Türkiye, sadece genç nüfus yapısı ve şehirleşme oranları ile değil artan ticaret
ve finans imkanları ile de gayrimenkulde çok önemli bir yatırım hedefi olarak
ortaya çıkıyor.''
Rapor sonuçlarının Türkiye'ye kısa dönemde bir uluslararası yatırımcı akını
olacağı şeklinde yorumlanmaması gerektiğinin altını çizen Bayraktaroğlu,
''Raporda da belirtildiği gibi yatırımcılar kapıda beklemiyor ancak mevcut
koşullar altında Türkiye ve İstanbul en cazip ekonomik ve demografik şartlara
sahip olması nedeniyle ilgi görüyor'' değerlendirmesinde bulundu.
Türkiye'nin hala gelişmekte olan bir pazar olduğunu ve dolayısıyla hem
mevzuat hem ekonomik koşullar hem de iş yapış tarzları açısından riskler
barındırdığını belirten Bayraktaroğlu, ''Yapılması gereken; durgunluğun olduğu
bu dönemlerde ileri sürülen bu riskleri en aza indirecek düzenlemeleri bir an
önce hayata geçirip normal koşullar geri geldiğinde yatırımcılara hazır olmak''
dedi.
Perakende alanında büyük markaların Türkiye'ye yönelik isteklerinin devam
ettiğinin görüldüğünü belirten Bayraktaroğlu, kentsel dönüşüm ve yenileme
projelerine de olumlu yaklaşıldığını anlattı.
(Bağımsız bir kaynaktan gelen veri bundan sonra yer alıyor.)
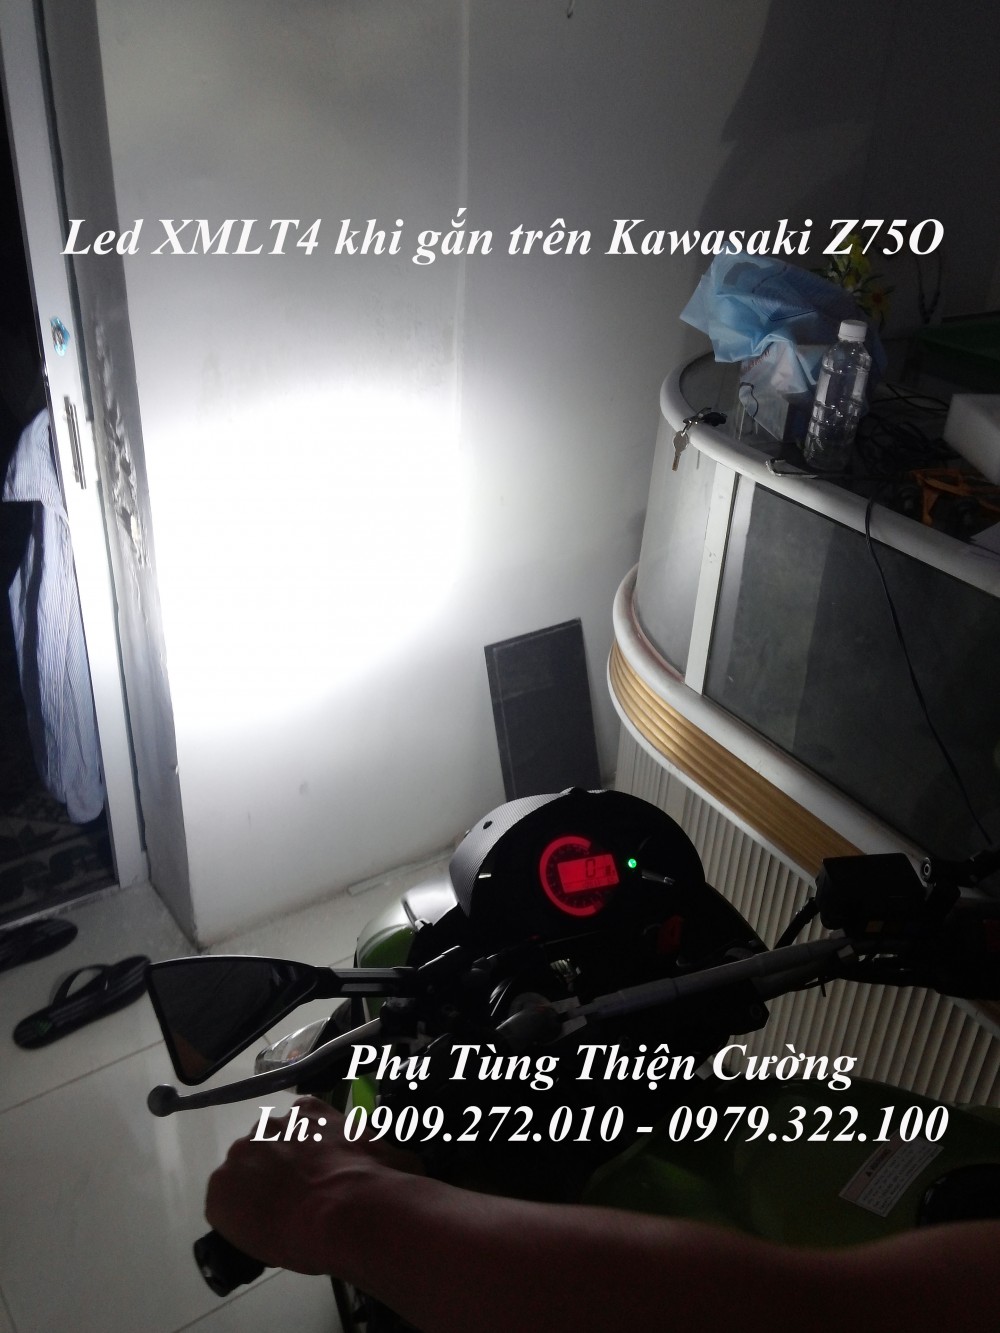 Bong den Led sieu sang danh cho Motor PKL Cree XMLT4 - 24

''2012'de gayrimenkul sektörüne dışarıdan 4-5 milyar dolarlık giriş
sürpriz olmaz''
ULI Türkiye Başkanı Haluk Sur da Türkiye gayrimenkul sektörünün 2012'de de
cazibesini koruyacağını, özellikle konut sektörünün kentsel dönüşüm odaklı
olarak önümüzdeki 10-15 yıla damgasını vuracağını düşündüğünü dile getirdi.
Bunun yanı sıra genç nüfus ve iç göçten kaynaklanan bir talebin de söz konusu
olduğunu belirten Sur, şöyle devam etti:
''Ayrıca 2012, mütekabiliyetle beraber özellikle yurt dışından şimdiye kadar
Türkiye'den konut almak istediği halde almakta zorluk yaşayan ülkelerin
vatandaşları açısından da ciddi bir talep zamanı. Şu an itibarıyla 2,5-3 milyar
dolar mertebesinde olan dışarıdan gayrimenkul sektörüne girişin giderek
artacağına da inanıyorum. Kuralları iyi koymak kaydıyla yıllık bazda yakın
dönemde 5-6 milyar dolar, daha sonra 8-9 milyar dolarlara kadar çıkacağına şahit
olacağız. Bu miktarın 2012'de 4 veya 5 milyar dolar mertebesinde gerçekleşmesi
sürpriz olmaz. Yeter ki Türkiye doğru adımları atmaya devam etsin.''
ULI Avrupa Üst Yöneticisi (CEO) Joe Montgomery de Türkiye'nin dünya
sahnelerindeki öneminin giderek artacağını belirterek, buna şaşırmadıklarını
ifade etti.
Türkiye'nin daha ön planda olmasını istediklerini, avantajını nasıl katma
değere dönüştüreceğini merak ettiklerini söyleyen Montgomery, Türkiye'yi
yakından takip etmeyi sürdüreceklerini kaydetti.